Meditation and mindfulness aren't just buzz words. A growing body of scientific research shows that the simple act of sitting still in thought confers long-term health benefits -- and even changes in brain function.
What exactly have scientists discovered? Here are eight scientifically backed benefits to meditation.
BENEFIT #1. Your mind gets stronger and faster.
Long-term meditation may strengthen the connections between brain cells, and might lead to larger amounts of so-called gyrification in the brain, which is linked to processing information quickly. Gyrification is a process of cortical folding, which is behind the wrinkle-like appearance of mammal brains.
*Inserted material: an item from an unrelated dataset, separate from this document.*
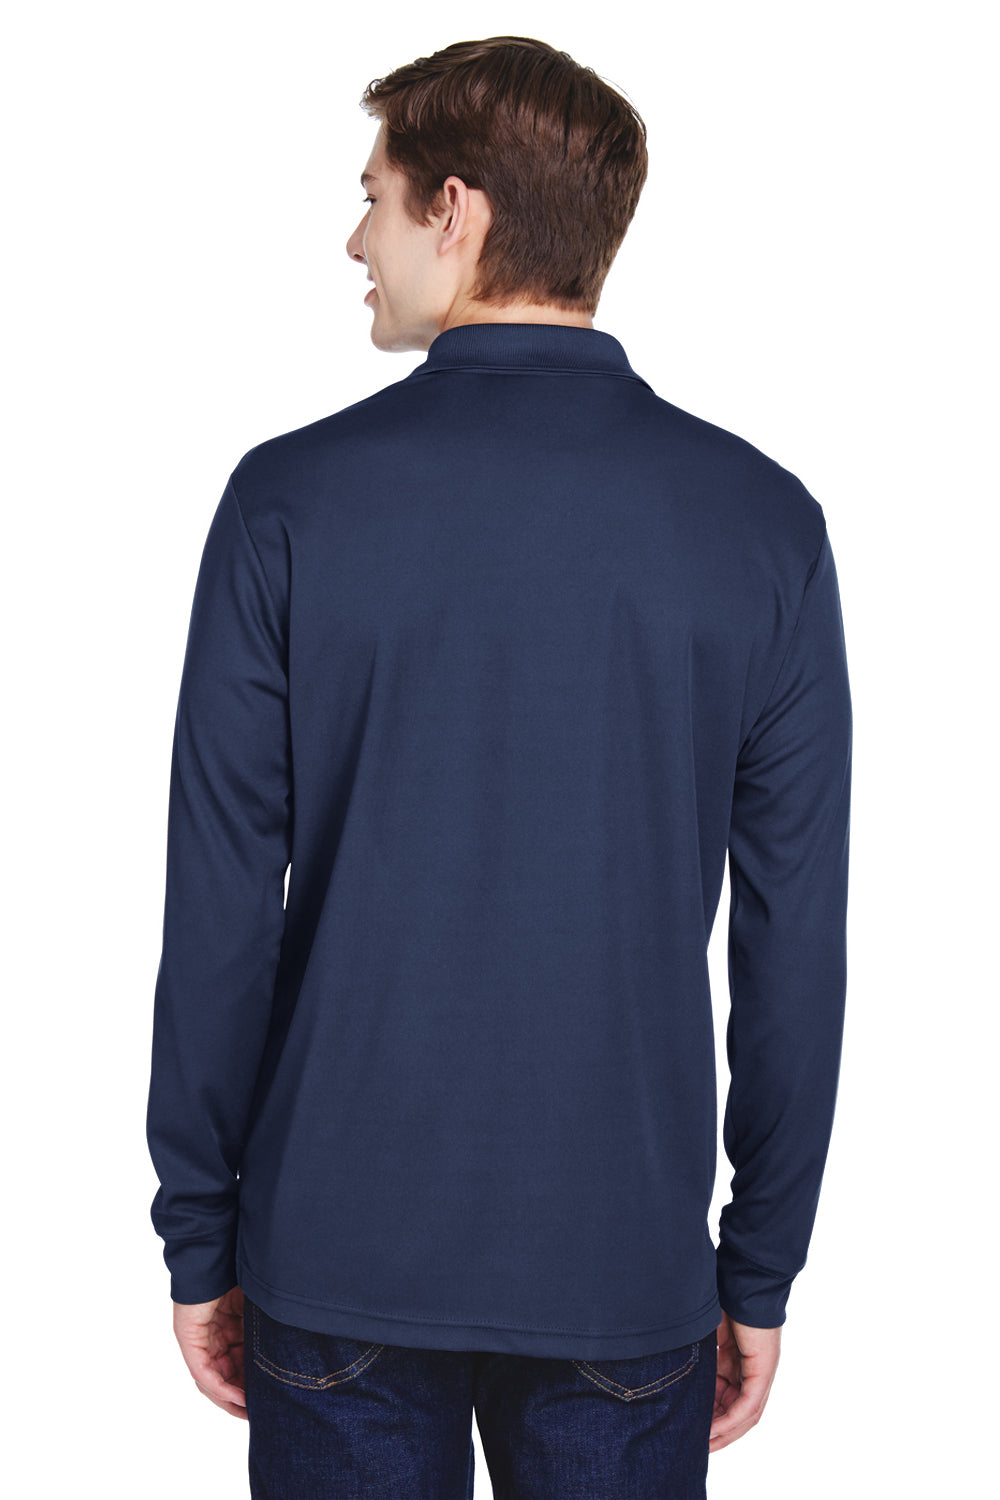 Core 365 88192P Mens Pinnacle Performance Moisture Wicking Long Sleeve Polo Shirt w/ Pocket Navy Blue Back

BENEFIT #2. Your brain's anatomy changes.
Practiced over the long term, meditation may change the very structure of your brain. One recent study involving brain scans linked long-term meditation with increased gray matter in the brainstem. Gray matter is kind of a big deal when it comes to the brain, as it's associated with sensory perception, emotional stability, response to stress, and even intelligence.
BENEFIT #3. You process emotions differently.
Another study suggested that long-term practitioners of mindfulness meditation showed decreased activity in the right amygdala (highlighted below) during a response to stress. As the brain structure plays a key role in processing emotions, this finding supports the hypothesis that meditation boosts emotional stability.
BENEFIT #4. Pain may become less of a problem.
Meditation may also affect pain sensitivity and pain perception. Zen meditation has been associated with low sensitivity to pain in MRI studies.
BENEFIT #5. You may finally master multi-tasking.
Meditation training may improve the ability to focus in a high-stress environment, according to recent research from the University of Washington.
"While there is increasing scientific evidence that certain forms of meditation increase concentration and reduce emotional volatility and stress, until now there has been little direct evidence that meditation may impart such benefits for those in stressful, information-intensive environments," researcher Dr. David Levy, a professor at the university, said in a written statement.
BENEFIT #6. You may control your weight.
A small-scale study from UC San Francisco showed that meditation may be linked to changes in body awareness, chronic stress, and abdominal fat. How does this association play out?
“You’re training the mind to notice, but to not automatically react based on habitual patterns — to not reach for a candy bar in response to feeling anger, for example,” researcher Dr. Jennifer Daubenmier, a professor at the university's School of Medicine, said in a written statement. “If you can first recognize what you are feeling before you act, you have a greater chance of making a wiser decision.”
BENEFIT #7. You may get rid of that pesky cold.
A University of Wisconsin study on people over age 50 showed that mindfulness training can reduce the duration or severity of a cold by up to 50 percent.
BENEFIT #8. Your grades may improve.
Researchers found that students who meditated before a lecture scored better on a subsequent quiz than did students who did not meditate.
Why? Dr. Robert Youmans, cognitive psychologist and study co-author, said in a written statement, "This data from this study suggest that meditation may help students who might have trouble paying attention or focusing."